Later this month, 27 year old Millicent Barty will be travelling to London where she will receive H.M. The Queen’s Young Leaders Award in recognition of the fine work she has done to educate and empower young and under-privileged people throughout the country.

Millicent will be the fourth young Solomon Islander that I am aware of in recent years to be been honoured by such a prestigious award and deservedly so.

Last week in Honiara during a workshop under the auspices of the UNDIP more than 60 young people told the UNDIP organiser that they wanted to be part of the solution to the problem of corruption and not to be seen as the problem.

In the wider sense, I truly believe the vast majority of young people in the Solomon Islands want to have a voice and to contribute to society in the best possible way, as exemplified by young Millicent and the previous awardees of the Queen’s Award.

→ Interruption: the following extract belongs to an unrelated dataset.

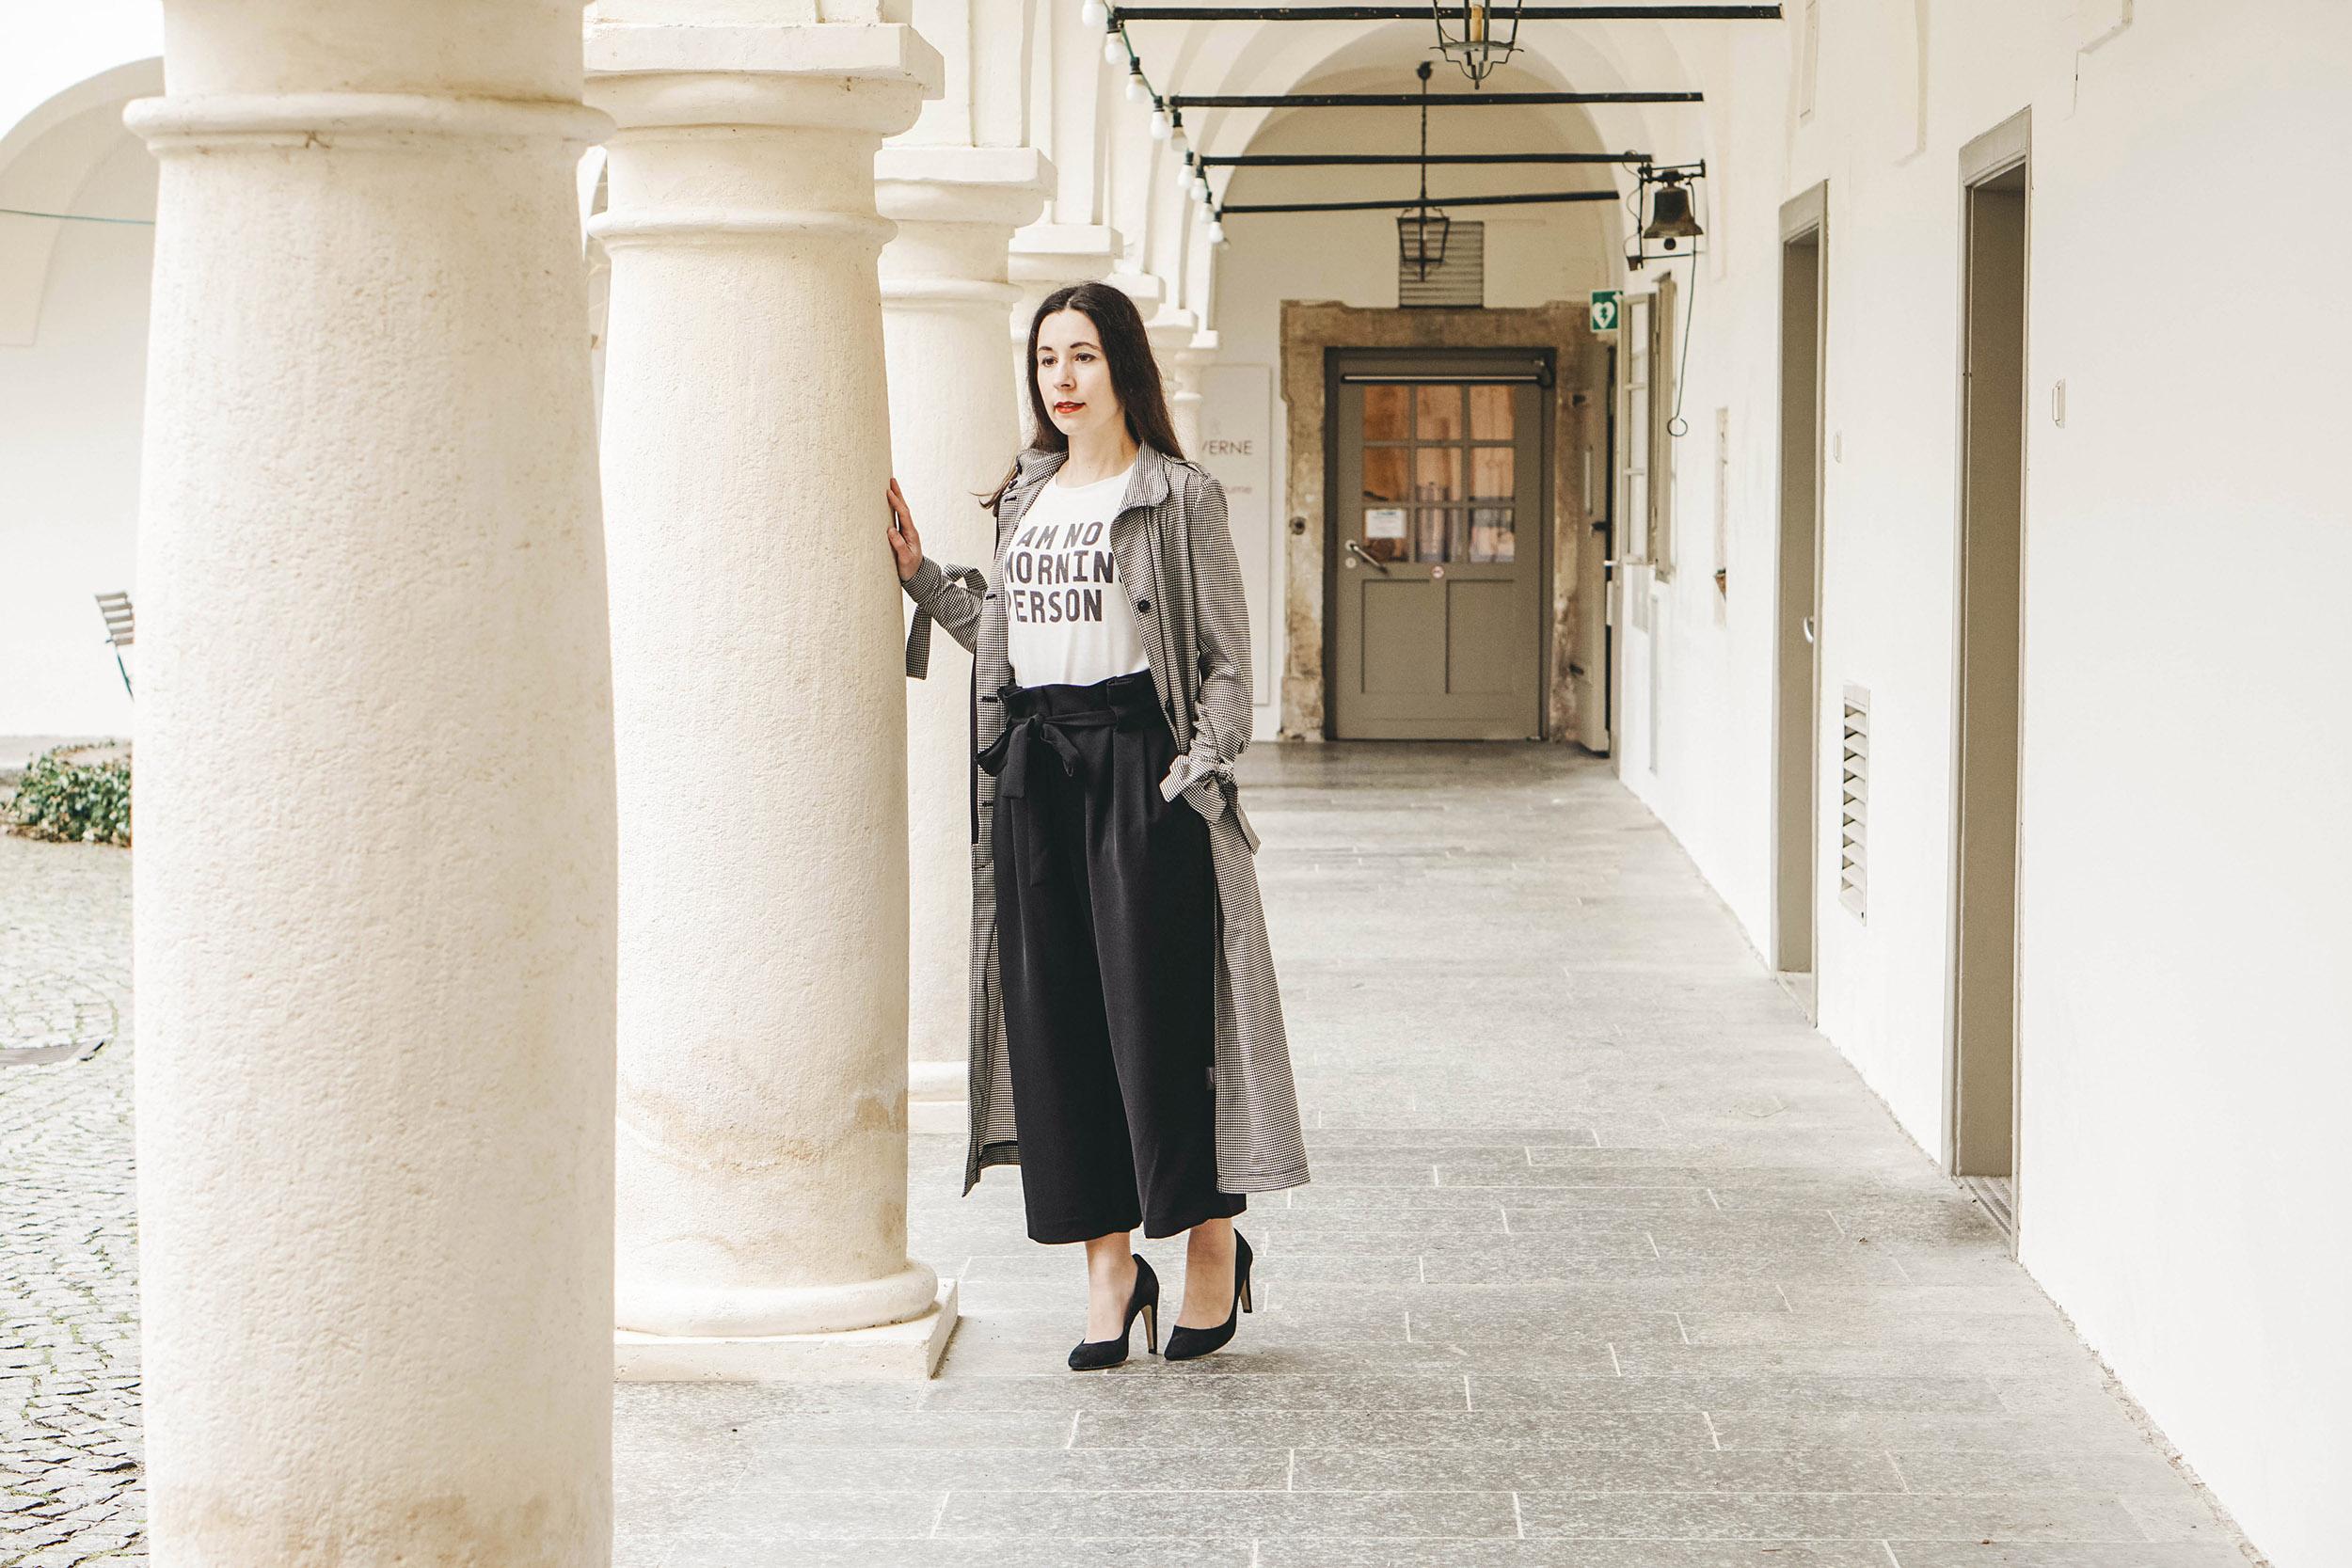 Klassische Frühjahrsmode – Karo Trenchcoat und Culottes

In the past few days one has read of the alleged criminal activities of some youths in both Honiara and in Kirakira but with the lack of unemployment opportunities throughout the country and especially in the rural areas, it has to be accepted that some young people will go astray.   I am not defending what it has been alleged they have done but merely once again making my point that youth unemployment is a primary factor in unlawful activities.

Youth@ Work programmes have assisted many young people with “job experience” and promotedentrepreneurship but I concern myself, greatly, that those Youth @ Work graduates, however deserving, are not yet finding work.

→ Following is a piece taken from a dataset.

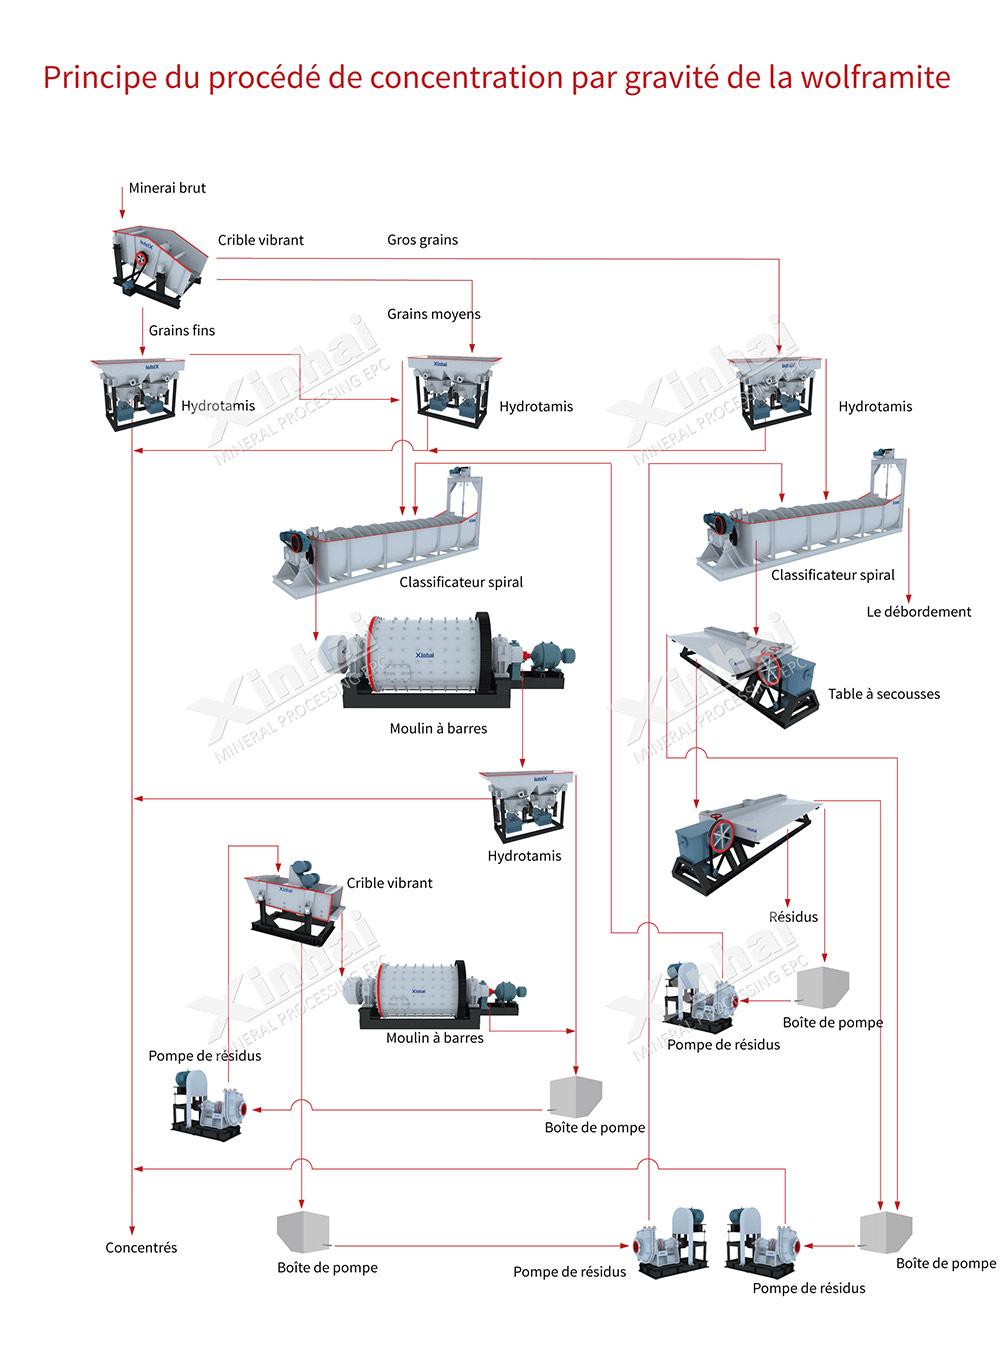 Processo de seleção de Volframite

As I write, as part of its vision for a vibrant private sector, leading to better lives for the people of Solomon Islands, the Solomon Islands Chamber of Commerce and Industry (SICCI) foresees the importance of encouraging young people to take up entrepreneurship and be part of this vision going forward into the future.

I really do hope the initiative being driven by the SICCI will have the outcomes anticipated.

For many years I have written about the need for job creation, and job opportunities for young people, but my hopes have been dashed so many times and today I understand the overall unemployment rate is around 35 percent.

The Prime Minister has talked about lessening international aid andpromoting trade and I fully support such ideals.

I truly wish that one or more of Solomon Islands current aid partners would do the same as I have often mentioned about what I have experienced here in Thailand.

At Bangpoo in the Eastern sector of Bangkok, there operates a successful electronics switch gear factory under the management of Taiwanese managers.

The factory employs, on a three shift system, more than 10 thousand young people in its operations and satisfies the job needs of whole communities while allowing for export products to international markets.